IMCNews.ID, Jambi - Pemerintah Kota (Pemkot) Jambi membentuk tiga tim yang akan menangani kasus nenek Hafsah dengan PT Rimba Palma Sejahtera Lestari (RPSL).

Tiga tim ini masing-masing akan menangani aspek legalitas perusahaan, aspek kerugian Nenek Hafsah, dan juga aspek penegakan hukum. 

Tim Fasilitasi Penyelesaian Perselisihan antara Keluarga Nenek Hafsah dengan PT RPSL telah melaksanakan rapat di Aula Kantor Dinas Penanaman Modal dan Perizinan Terpadu Satu Pintu kota Jambi, Senin (3/7/2023) kemarin.

Selain Sekda Kota Jambi, A Ridwan dan instansi terkait, juga hadir dalam rapat itu perwakilan keluarga Nenek Hafsah dari Jambi Menggapai Keadilan (JMK), dan juga General Manager (GM) PT RPSL, Hardiyanto.

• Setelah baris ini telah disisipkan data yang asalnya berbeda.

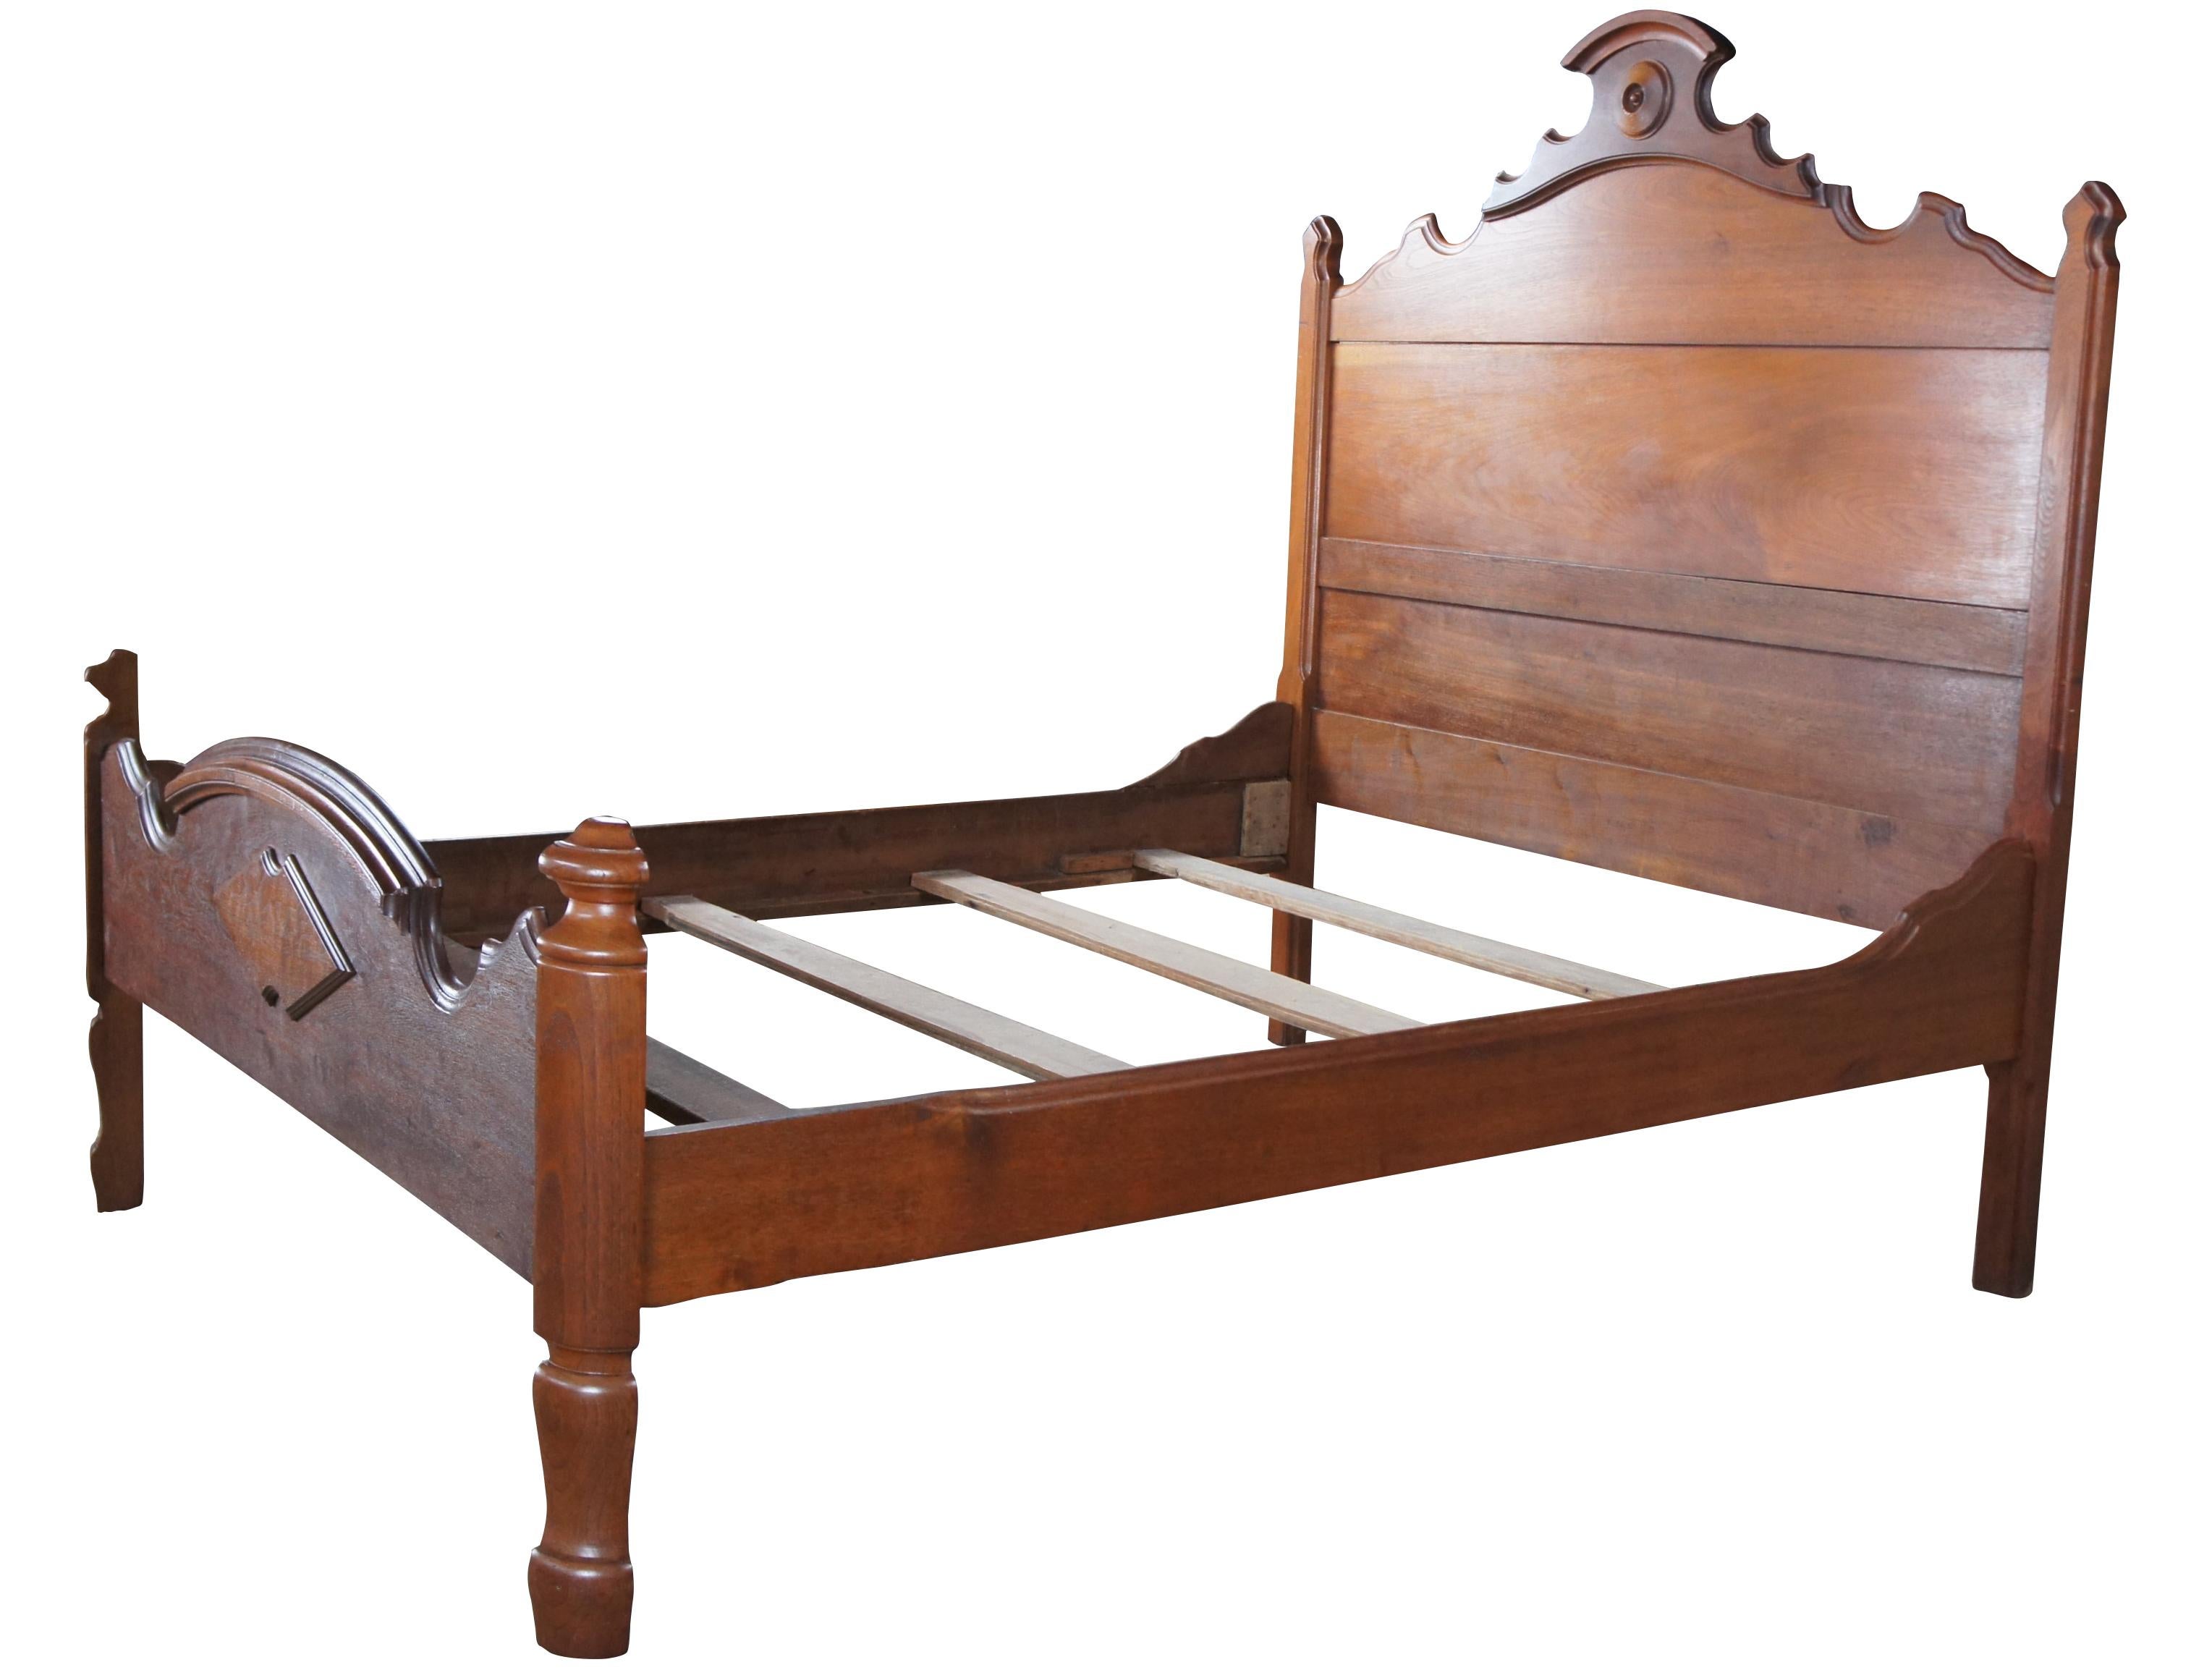 An antique Victorian era bed frame. Made from walnut with carved frame featuring embellishments along the headboard and foot board. 

Measures: 57

Fiet Haryadi mewakili keluarga Nenek Hafsah mengatakan, bahwa pihaknya meminta komitmen perusahaan untuk menyelesaikan persoalan ini.

"Kami memberikan masukan agar membuat pernyataan tertulis, dalam hal ini seperti surat pernyataan hitam di atas putih untuk menyelesaikan persoalan ini agar tak berlarut-larut semakin lama tanpa ada penyelesaian," kata Fiet. 

Dia juga menyarankan dibentuk tim penyelesaian. Tim ini nantinya akan bekerja menghasilkan kajian terkait tuntutan dengan nilai-nilai rasional.

"Sehingga pihak perusahaan juga bisa menilai. Saat ini belum ada pengkajian," katanya.

Sekda Kota Jambi, A Ridwan mengatakan dalam rapat itu sudah dibentuk 3 tim yang akan menyelesaikan konflik antara keluaraga Nenek Hafsah dengan PT RPSL. Tim akan menangani aspek legalitas perusahaan, aspek kerugian Nenek Hafsah, dan juga aspek penegakan hukum.

"Intinya komitmen perusahaan tadi kita betul-betul minta diperhatikan, kita minta komitmen secara tertulis tadi, dan disepakati. Juga rasionalitas dalam menyelesaikan persoalan ini. Tim itu melibatkan semua aspek, ada anggota dewan, OPD terkait, unsur perusahaan, keluarga Nenek Hafsah, masyarakat dan lainnya. Minggu ini sudah mulai bekerja," katanya.

Ridwan juga mengatakan, jika dalam perjalanan tim menemukan indikasi pelanggaran, maka akan diberi sanksi sesuai dengan aturan yang ada. 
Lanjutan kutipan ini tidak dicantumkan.